Die im Folgenden aufgeführten Stoffdaten, Einstufungen sowie die be­schrie­benen Gefahren und Maßnahmen be­zie­hen sich auf die pulverförmige Form.
in Abhängigkeit von der Korngröße der einzelnen Industrieruße.
Siedepunkt: > 3000 °C
Zündtemperatur: > 600 °C
Mindestzündtemperatur der Staubwolke: >= 620 °C
Mindestzündtemperatur der Staubschicht: >= 385 °C
Untere Explosionsgrenze: 50 - 100 g/m³
Ruß technisch
Der Allgemeine Staubgrenzwert setzt sich aus den Grenzwerten für A- und E-Staub zusammen:
A-Staub (alveolengängige Fraktion): 1,25 mg/m³ (basie­rend auf einer mittleren Dichte von 2,5 g/m³)
E-Staub (einatembare Fraktion): 10 mg/m³ (dichte­un­ab­hängig)
Spitzenbegrenzung: 2 (II) Das Produkt aus Über­schreitungsfaktor und Überschreitungsdauer muss eingehalten werden: ÜF 2 x 15 min = 30 min.
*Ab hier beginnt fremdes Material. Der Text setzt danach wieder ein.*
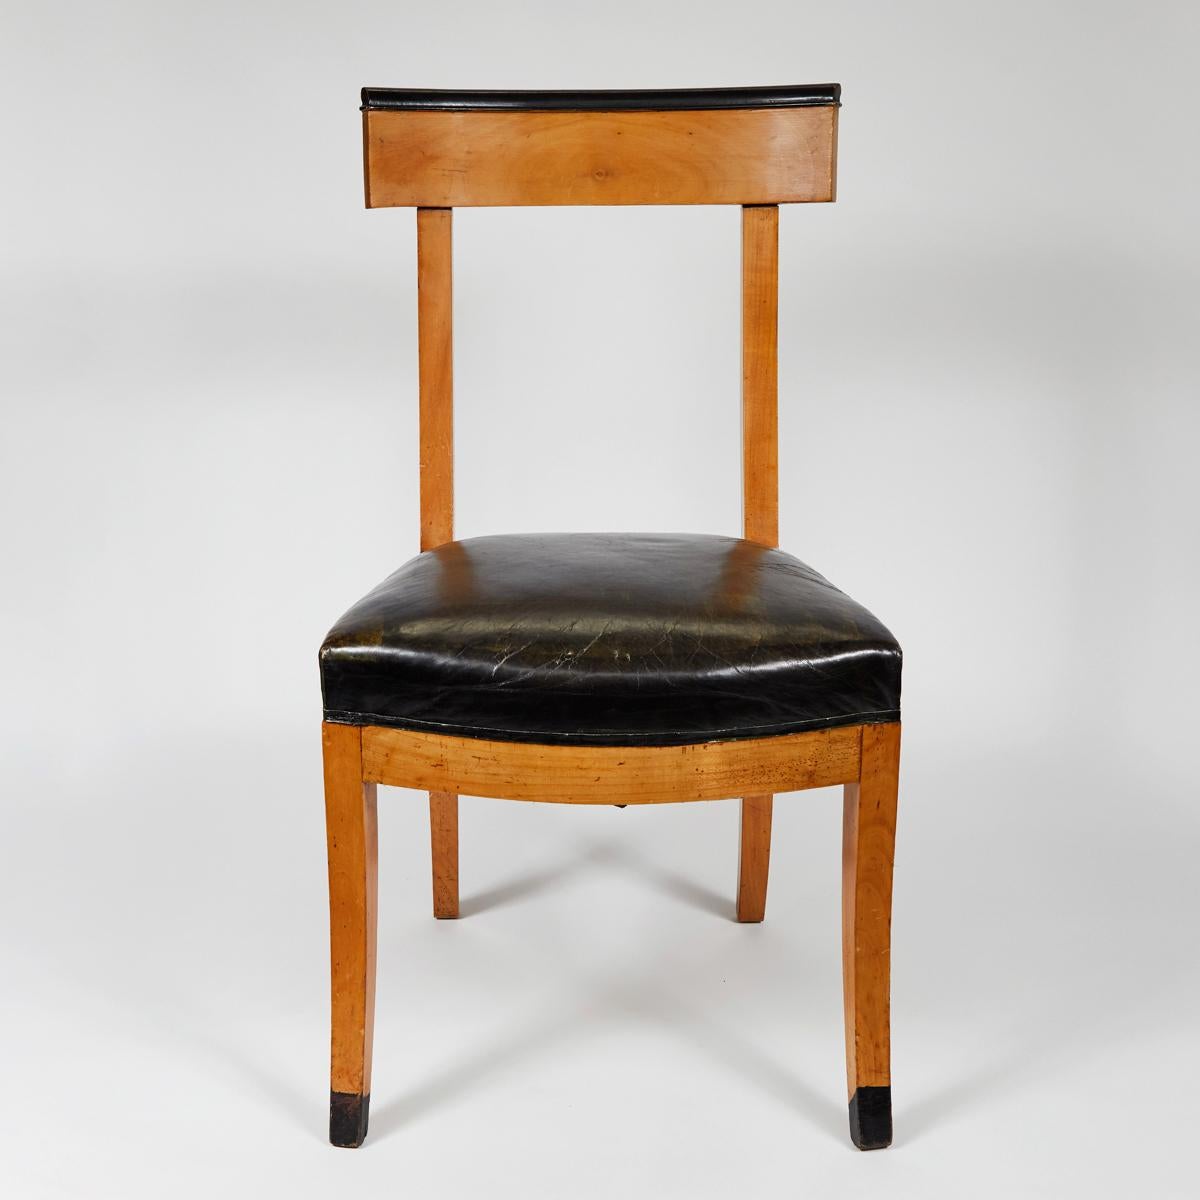 1900s French dining chairs with upholstered black leather seats. The elegant chairs are accented with ebonized back crest rails and black leather seats on saber legs.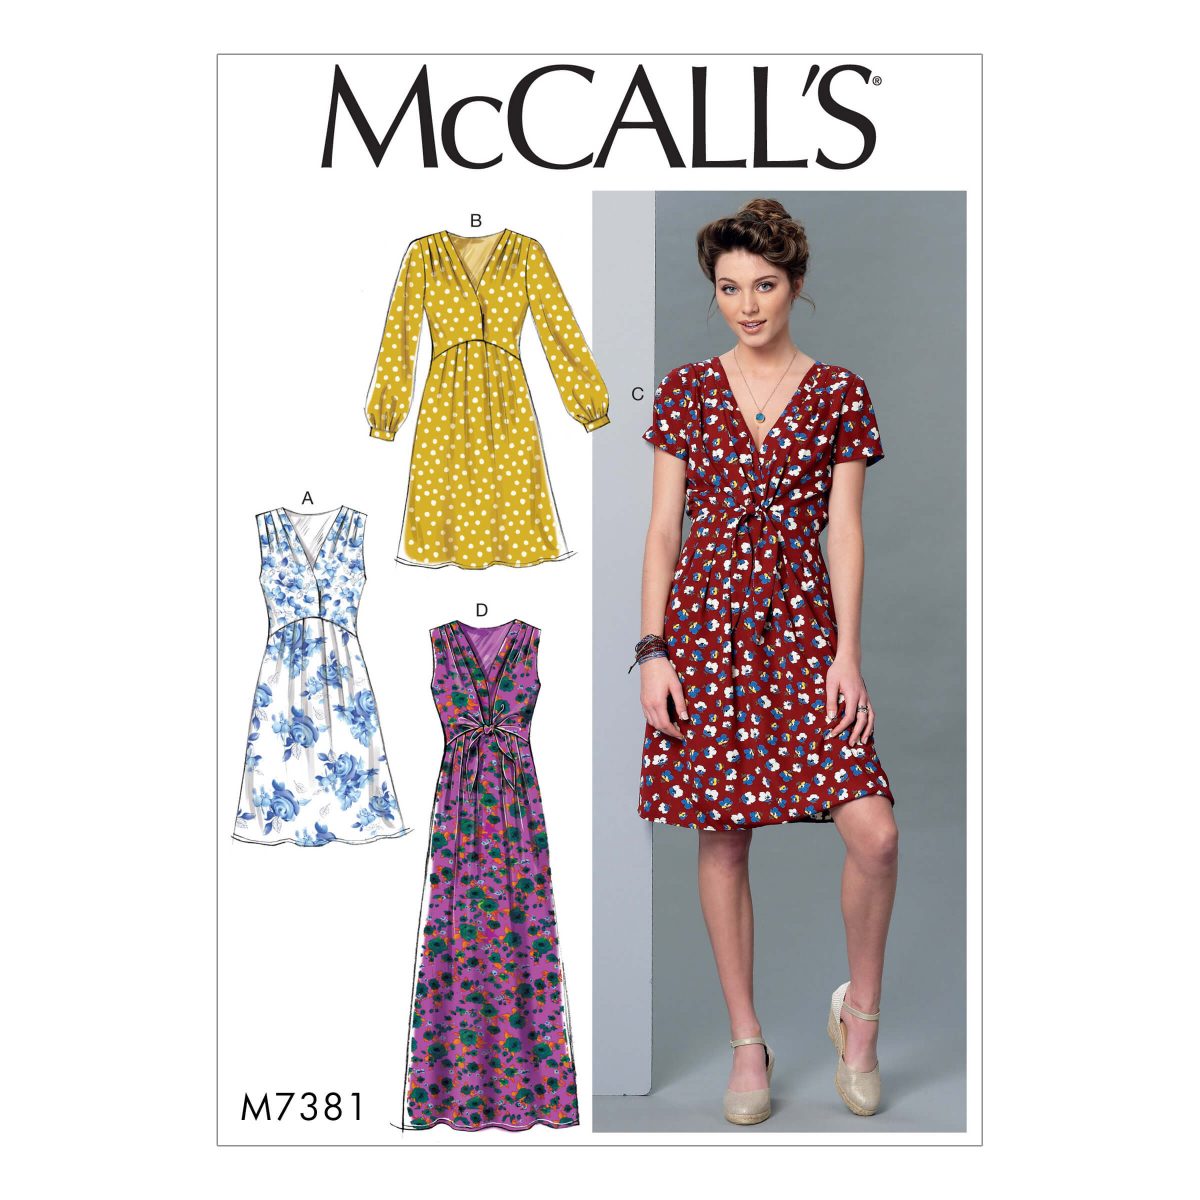 McCall's Sewing Pattern M7381 Misses' Pleated Dresses with Optional Front-Tie

Dabei sind auch längere Überschreitungsdauern zulässig, der ÜF darf nicht überschritten werden.
TA Luft (2002): (Nummer 5.2.1), d.h. die im Abgas enthaltenen staub­förmigen Emissionen dürfen ent­weder den Massen­strom von 0,20 kg/h oder die Massen­konzen­tration von 20 mg/m³ nicht überschreiten.
Auch bei Einhaltung oder Unterschreitung eines Massen­stroms von 0,20 kg/h darf im Abgas die Massen­konzentration von 150 mg/m³ nicht über­schritten werden.
Für bestimmte Anlagen (z.B. zur Her­stellung von Industrieruß) sind an­lagen­spezi­fische Bestimmungen nach Nummer 5.4 zu beachten.
Für bestimmte Anlagen (zum Vulka­nisieren von Natur- oder Synthese­kautschuk ) sind an­lagen­spezi­fische Bestimmungen nach Nummer 5.4 zu beachten.
Die Massenkonzentration von 80 mg/m³, angegeben als Gesamtkohlenstoff, darf nicht überschritten werden.
Für bestimmte Anlagen (zur Her­stellung von Klebe­mitteln) sind an­lagen­spezi­fische Bestimmungen nach Nummer 5.4 zu beachten.
Die staubförmigen Emissionen (Gesamt­staub) dürfen die Massenkonzentration von 10 mg/m³ nicht überschreiten.
Für Anlagen zur Herstellung von Anstrich- oder Beschichtungsstoffen (Lasuren, Firnis, Lacke, Dispersionsfarben) oder Druckfarben gilt zusätzlich (Nummer 5.4.4.10):
Die staubförmigen Emissionen (Gesamt­staub) dürfen die Massenkonzentration von 10 mg/m³ nicht überschreiten.
WGK: nicht wassergefährdend, Kenn-Nr.: 1742
Bei der WGK handelt es sich um eine gemäß AwSV im Bundesanzeiger veröffentlichte Angabe.